New TCW Gargoyle Fund Aims To Outperform BXM Buy-Write Strategy

By DailyAlts Staff For investors looking for long-term results superior to the S&P 500 but with reduced risk, TCW and the Gargoyle Group may have a new solution: The TCW/Gargoyle Dynamic 500 Fund (MUTF: TFDIX ), which launched on December 1. The is the second alternative mutual fund to be launched by the two groups in combination with each other (the first was a reorganization of an existing fund ). The new fund seeks to outperform U.S. equities with less risk by selling covered calls against a long position in the S&P 500, with a target net-long market exposure of 50%. The strategy is similar to the well-known BXM Index Buy-Write strategy, but with a “crucial difference” that, according to Gargoyle, can give investors a significant edge. Dynamic Exposure Management The big difference? Unlike the BXM Index, which has a static options position that is re-written each month, Gargoyle dynamically adjusts its options hedge to maintain consistent market exposure between 35% and 65% net long. These adjustments can result in greater downside protection and increased upside participation relative to static buy-write strategies, according to Gargoyle.

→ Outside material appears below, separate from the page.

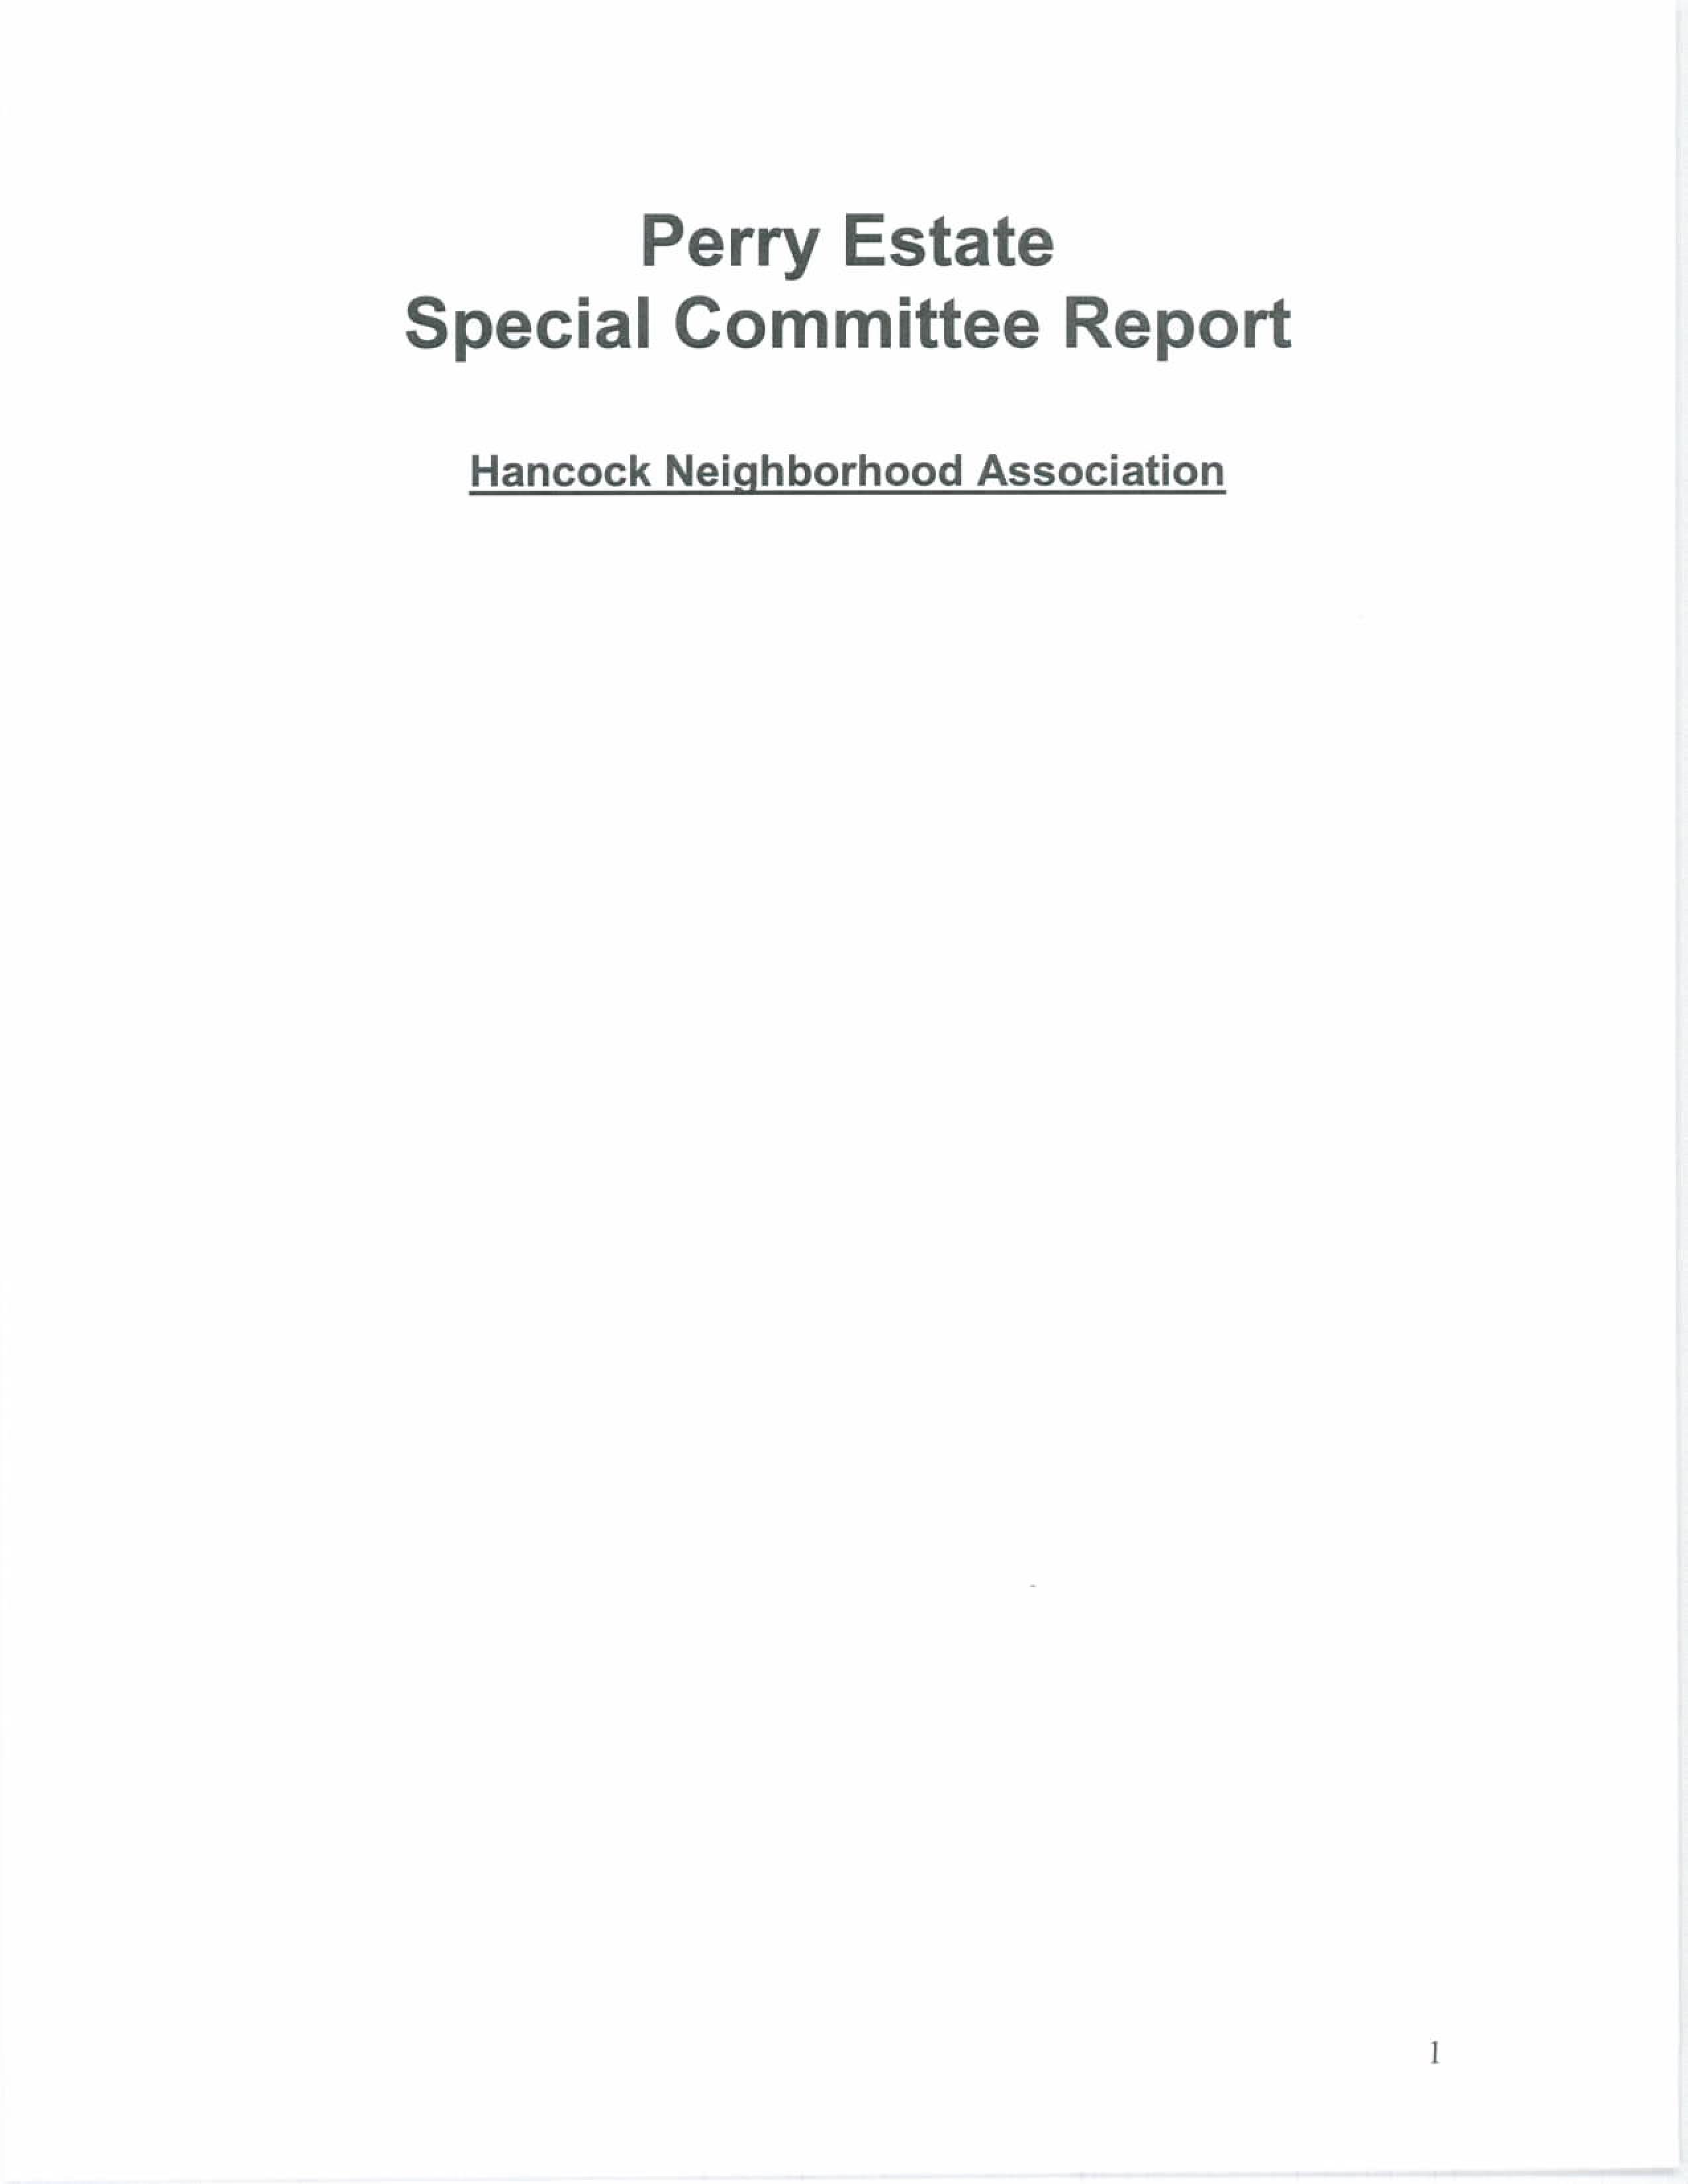 Special Committee Report for the Perry Estate

According to Gargoyle’s website , the investment strategy (not the fund) significantly outperformed the BXM Index since being calculated as the D500 Client Portfolio in August 2012. Through February 2015, the ending period shown on the website, the portfolio returned 29.54% through February 2015, compared to BXM’s 20.33%. The D500’s standard deviation of 4.61% was lower than BXM’s 5.66%, resulting in a Sharpe ratio advantage of 2.19 to 1.29, and a Sortino Ratio edge of 5.26 to 2.72. Fund Details The fund is officially advised by TCW Investment Management, and sub-advised by Gargoyle. Joshua B. Parker and Alan L. Salzbank, both Managing Members at Gargoyle, are the fund’s portfolio managers. Shares of the new fund are available in I (TFDIX) and N (MUTF: TFDNX ) classes, with respective initial minimum investments of $100,000 and $5,000. The investment management fee for both share classes is 0.80%, while the net-expense ratios run 1.00% and 1.25%, respectively, after fee waivers. Past performance does not necessarily predict future results.